▽
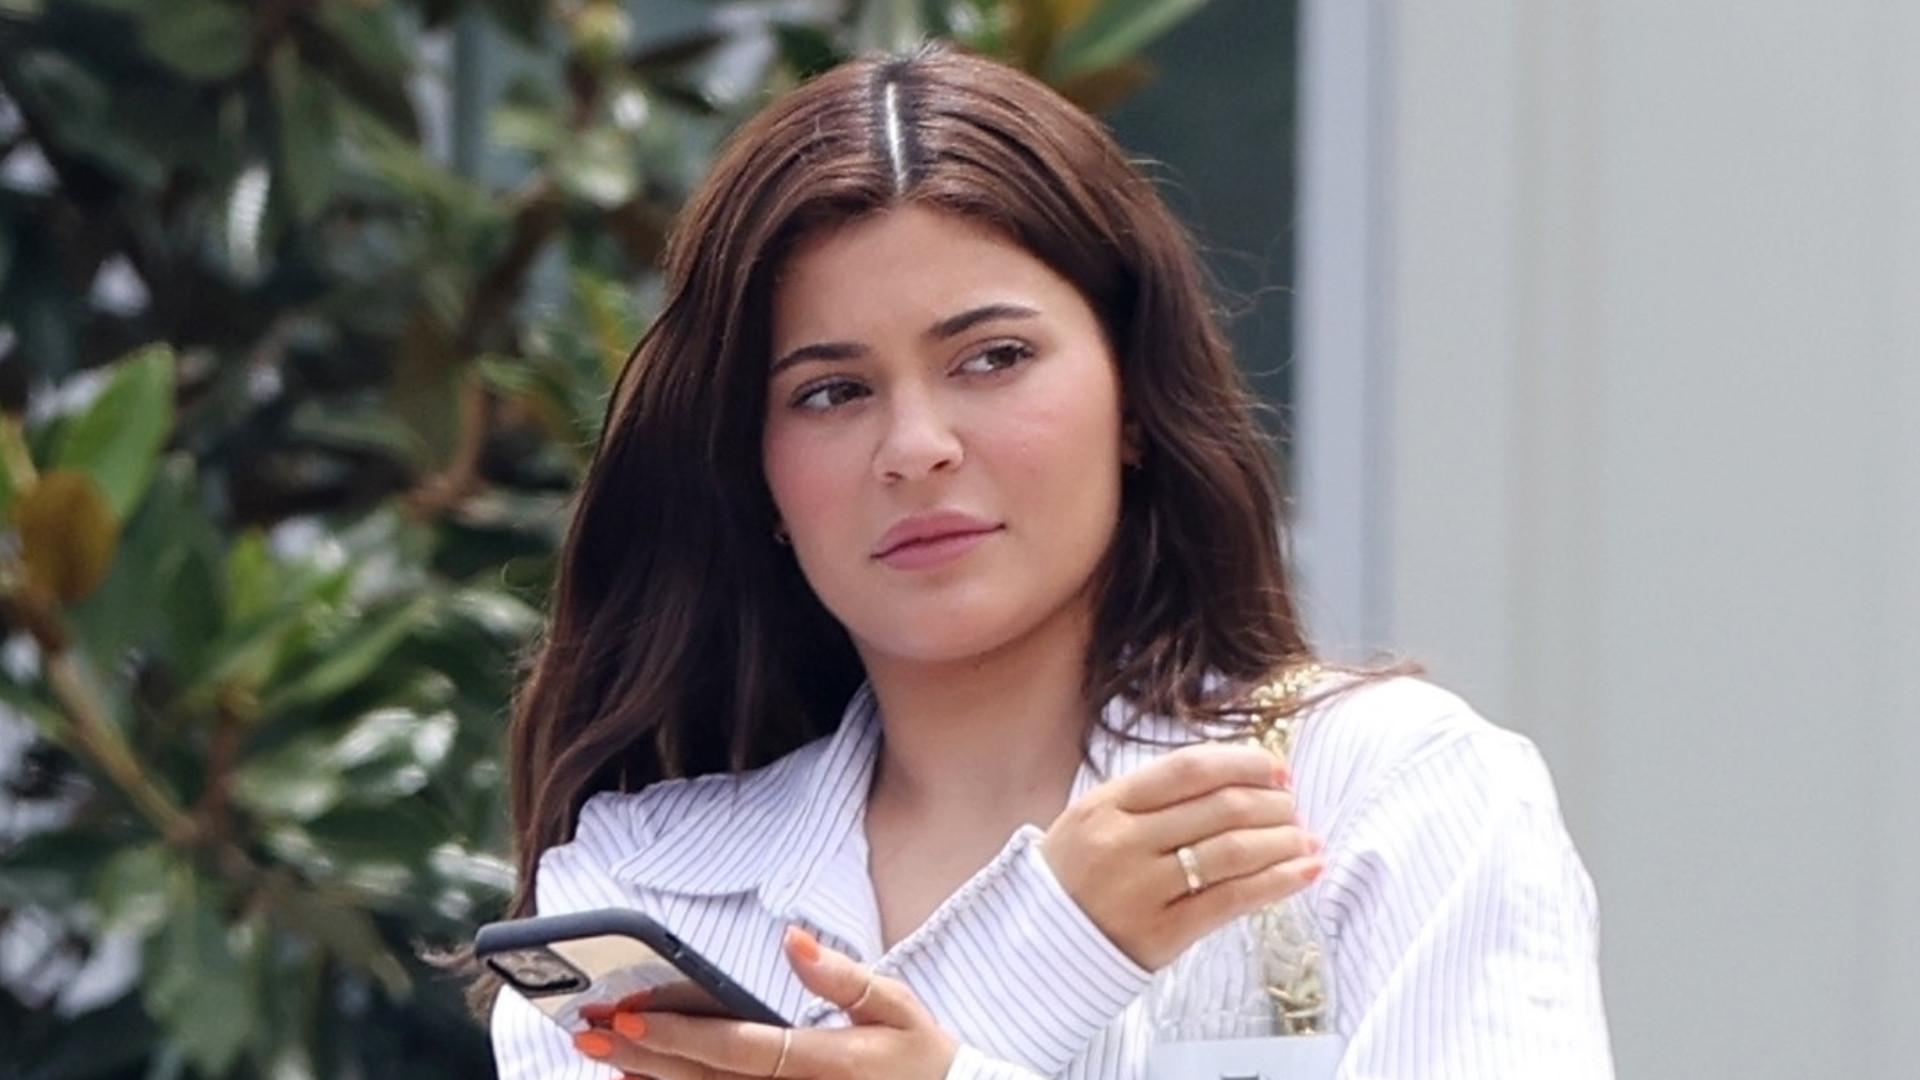 Kylie Jenner zmienia styl? Wygląda bardziej skromnie i naturalnie (ZDJĘCIA)
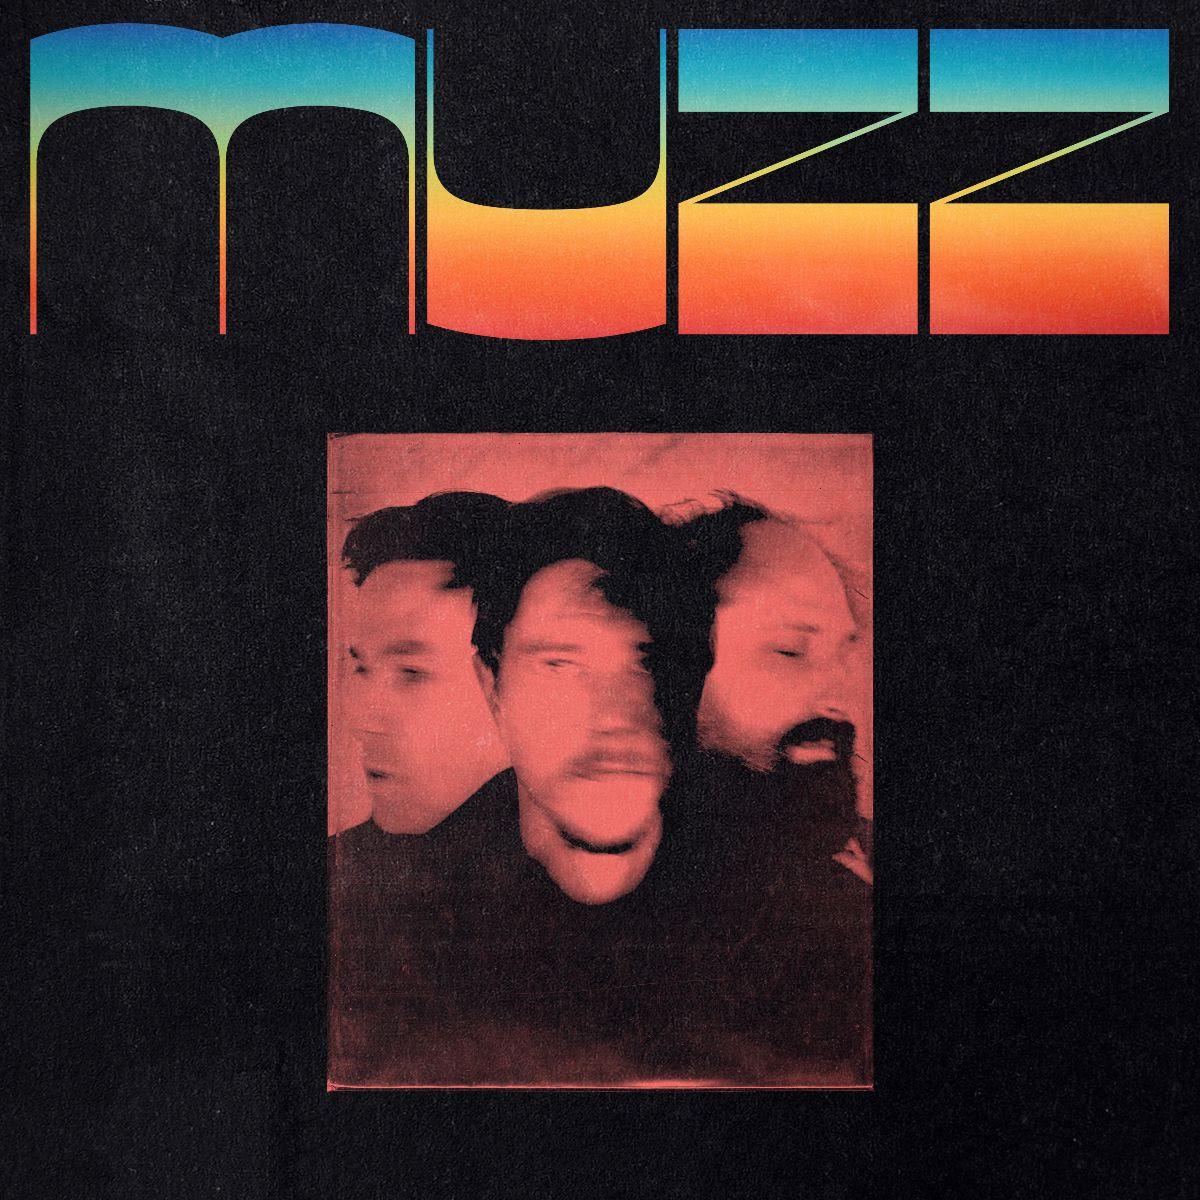 Muzz album artwork
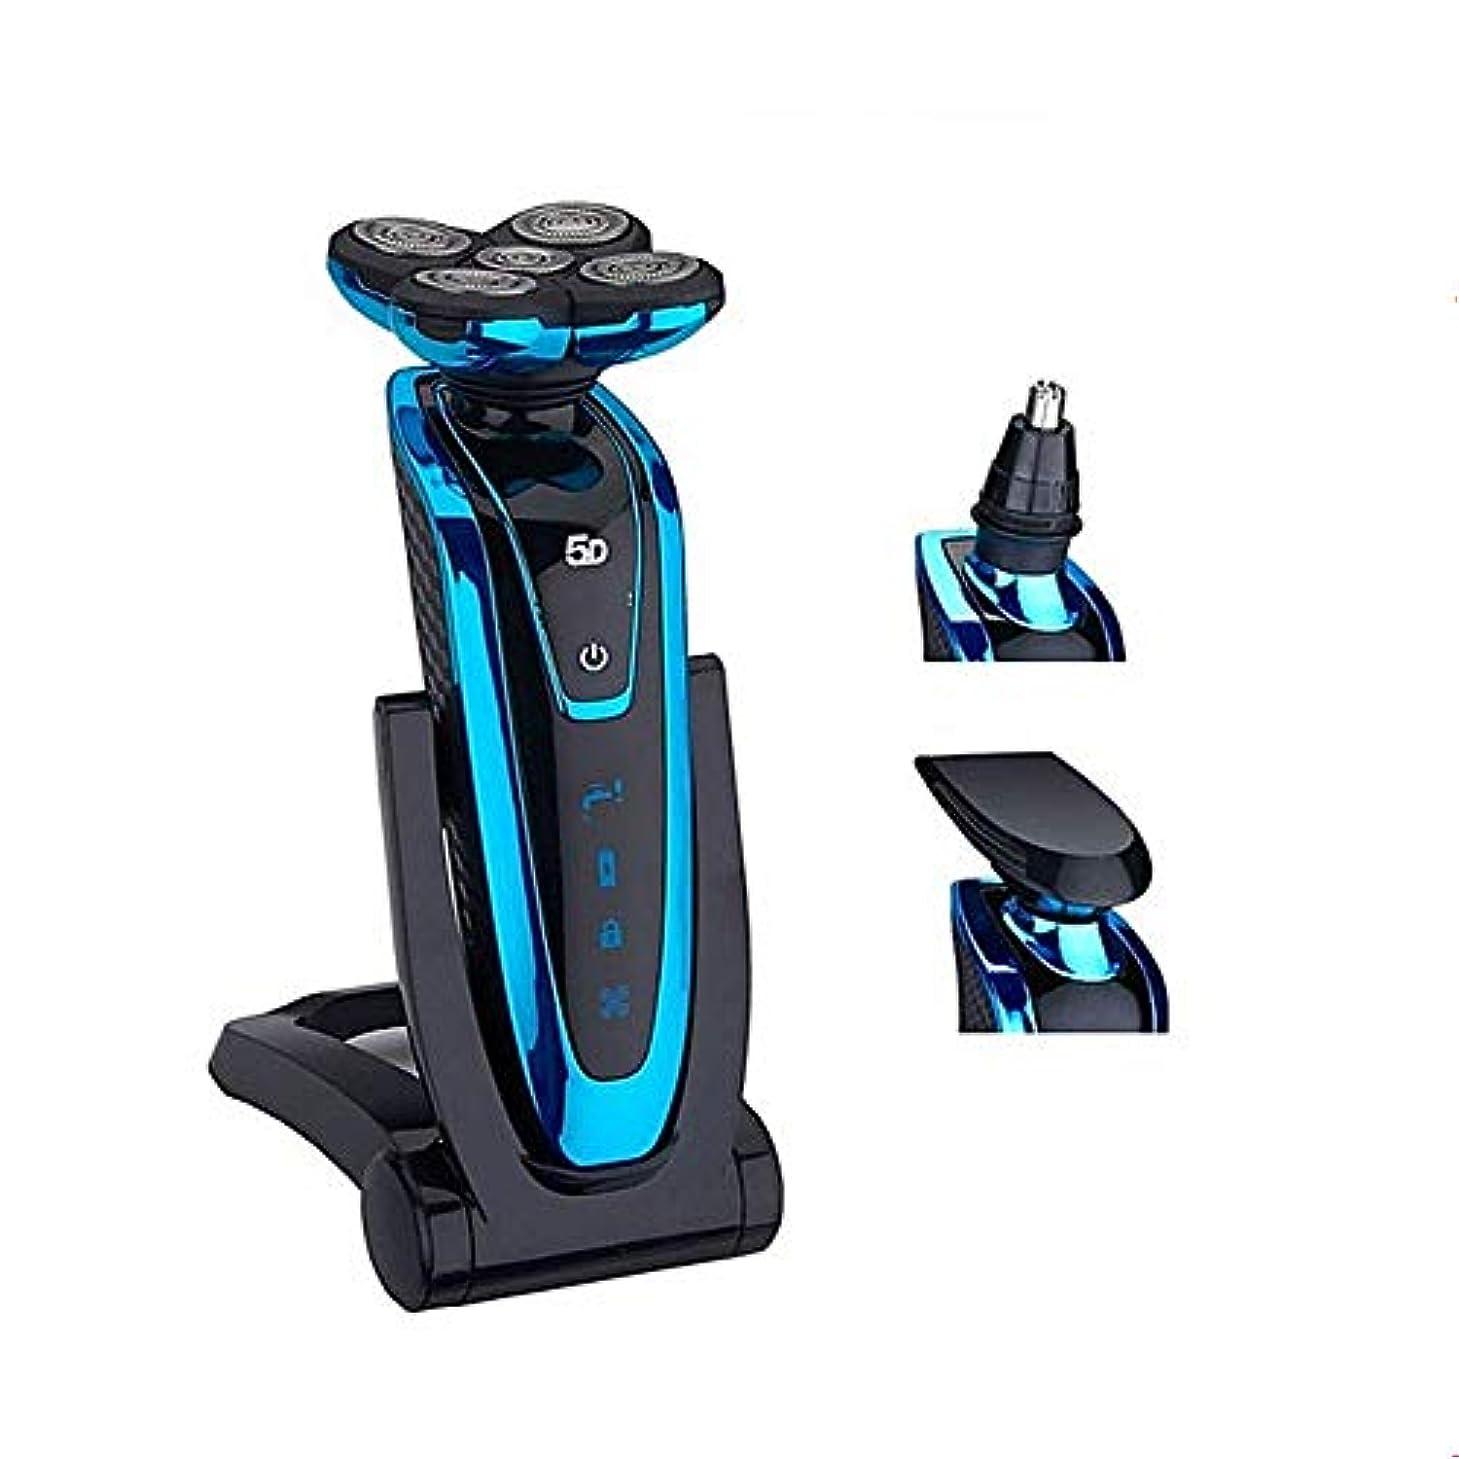 解明する療法科学的yangdi 男性用ウェット/ドライ5dシェーバー電動かみそり充電式ボディシェービングマシン防水ひげシェーバークリーニングブルー2
△
→ **Required action**
Could you copy each line above exactly as written, minus any pictures?

→ **Exercise output**
 Kylie Jenner zmienia styl? Wygląda bardziej skromnie i naturalnie (ZDJĘCIA)
 Muzz album artwork
 解明する療法科学的yangdi 男性用ウェット/ドライ5dシェーバー電動かみそり充電式ボディシェービングマシン防水ひげシェーバークリーニングブルー2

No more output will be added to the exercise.